Woman's rights were hotly debated in the 1970s. The Equals Rights Amendment (ERA), which forbade discrimination based on gender in the United States, was approved by Congress in 1972, but was not ratified by enough of the states to be added to the Constitution. The National Woman's Party had first proposed the Equal Rights Amendment in 1923.
Even before the ratification of the Nineteenth Amendment, women's organizations had served many purposes. Professional associations, such as the Virginia Bureau of Vocations for Women, often bridged the gaps between women's private and family lives, their professional careers, and public life where they took part in political debates and decision-making that also affected all aspects of their lives. Active club women helped form and provided the expertise and staff for some of the first social service and public health agencies of Virginia's state and local governments.
This pamphlet advertised an October 1976 nonpartisan event for women hosted by a Richmond Republican women's group. On the agenda were discussions of woman's rights in Virginia, especially property ownership, and inheritance by married women. A panel of experts answered questions, and House of Delegates member Bonnie L. Paul moderated. Paul represented Page, Rockingham, and Shenandoah Counties and the City of Harrisonburg in the House from 1976 to 1979.
Between 1924 and 1933, six women ran successfully for seats in the Virginia House of Delegates, pioneering a wider role for women in Virginia politics. All were Democrats (the majority party in Virginia at the time), and each had a background as a teacher or educator. They were elected not from the heartland of the state but rather from its extremities, the Tidewater, the Southside, and the Southwest. On January 9, 1924, Sarah Lee Fain, representing the city of Norfolk, and Helen T. Henderson, representing Russell and Buchanan Counties, took their seats as the first women elected to the House of Delegates.
For the next eighty years, women slowly entered all branches of local and state government. On March 15, 1950, the General Assembly passed an act allowing women for the first time to serve on trial juries. An act of February 18, 1952, allowed women to serve on grand juries. On July 2, 1962, Eleanor Parker Sheppard was elected mayor of Richmond, the first woman mayor of an incorporated Virginia city.

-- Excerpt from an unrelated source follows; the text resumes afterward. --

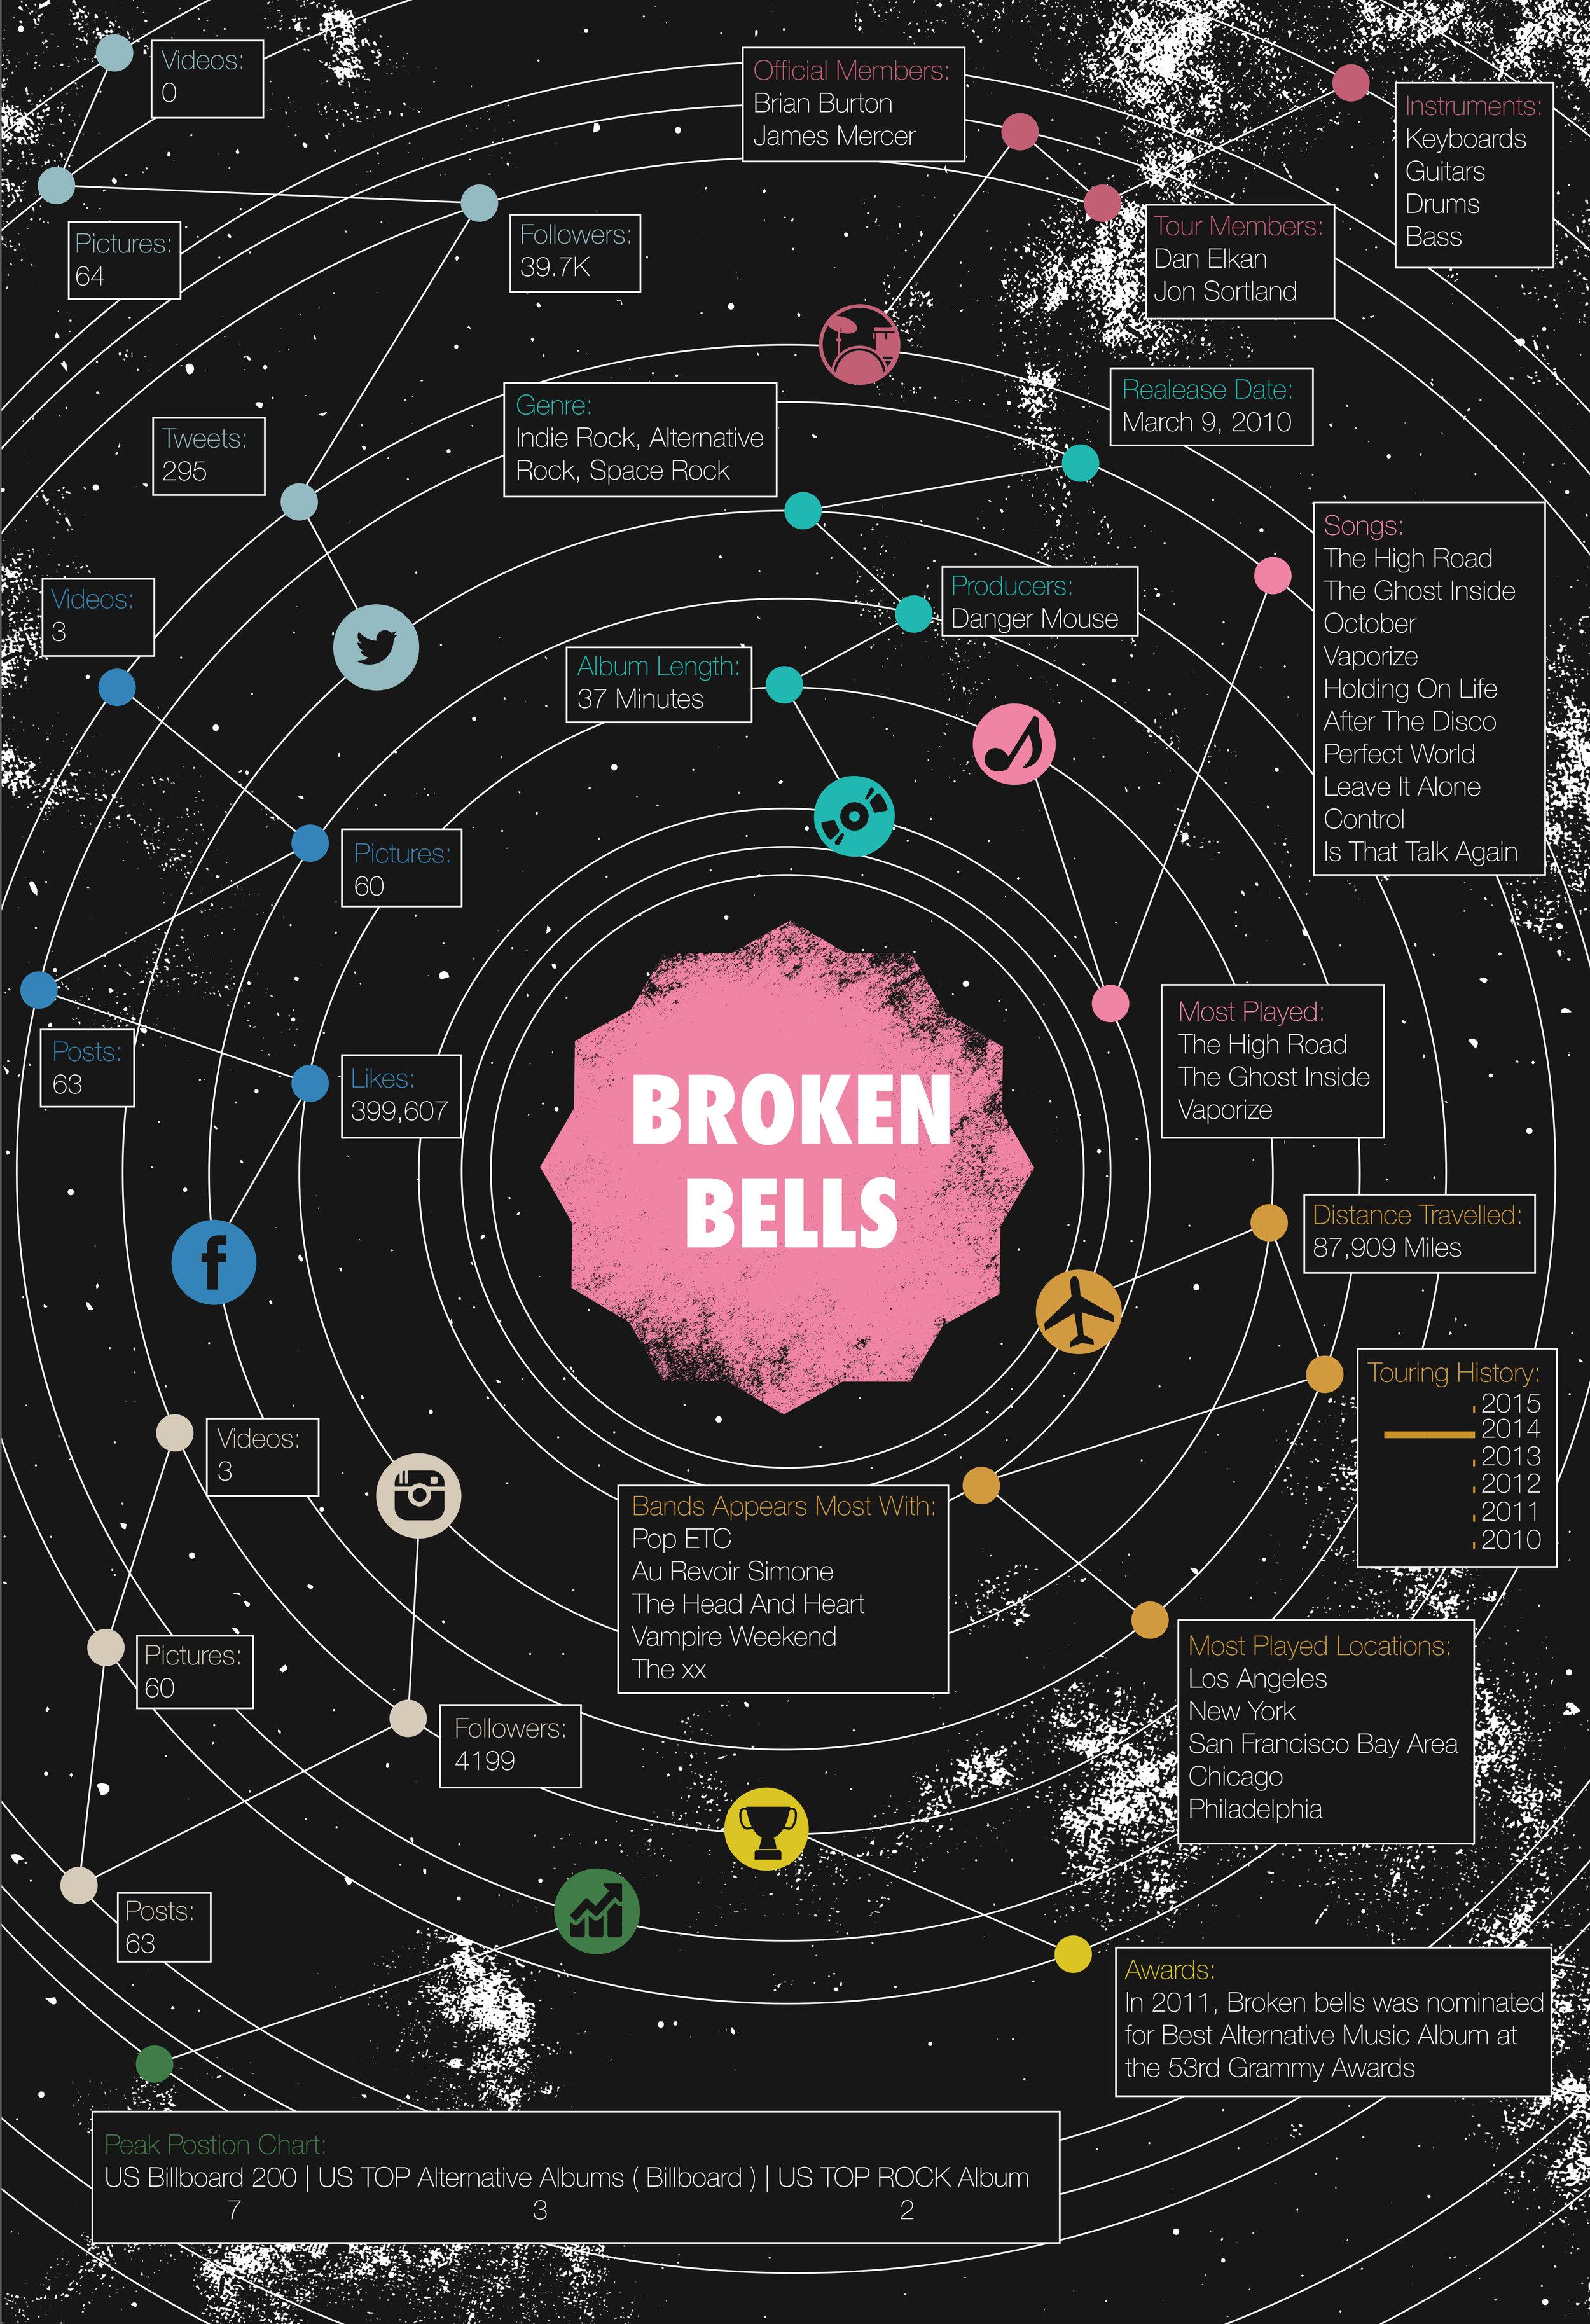 Graphic Design 03 — Broken Bells Infographic Poster

On November 7, 1979, Eva Fleming Scott became the first woman elected to the Senate of Virginia. A Republican, she represented Amelia, Brunswick, Chesterfield, Cumberland, Lunenburg, Mecklenburg, Nottoway, and Powhatan Counties. Mary Sue Terry was elected attorney general in November 1985, becoming the first woman elected to statewide office. She was reelected in 1989. The first female federal judge in Virginia was Rebecca Beach Smith. The United States Senate confirmed her to the U.S. District Court for the Eastern District of Virginia in October 1989. That same year Elizabeth Bermingham Lacy became the first woman on Virginia's Supreme Court. In 1992 Leslie Larkin Byrne became the first woman from Virginia elected to the U.S. House of Representatives.
1. What was the Equal Rights Amendment?
2. What legal or political issues are particularly important to women? Why?
1. Compare and contrast the civil rights movement with the woman's rights movement. What strategies did they employ?
The collection to which this pamphlet belongs contains the papers of Carroll Kem Shackelford, Orange County attorney and counselor-at-law, concerning her legislative activities on the Equal Rights Amendment and other woman's rights legislation. It includes speeches made concerning the Equal Rights Amendment, and materials generated during her service on the Equal Rights Task Force and as counsel to the women legislators of the Virginia General Assembly. Her area of research on the Equal Rights Task Force was family law, examining how the amendment would affect the roles of mother and homemaker.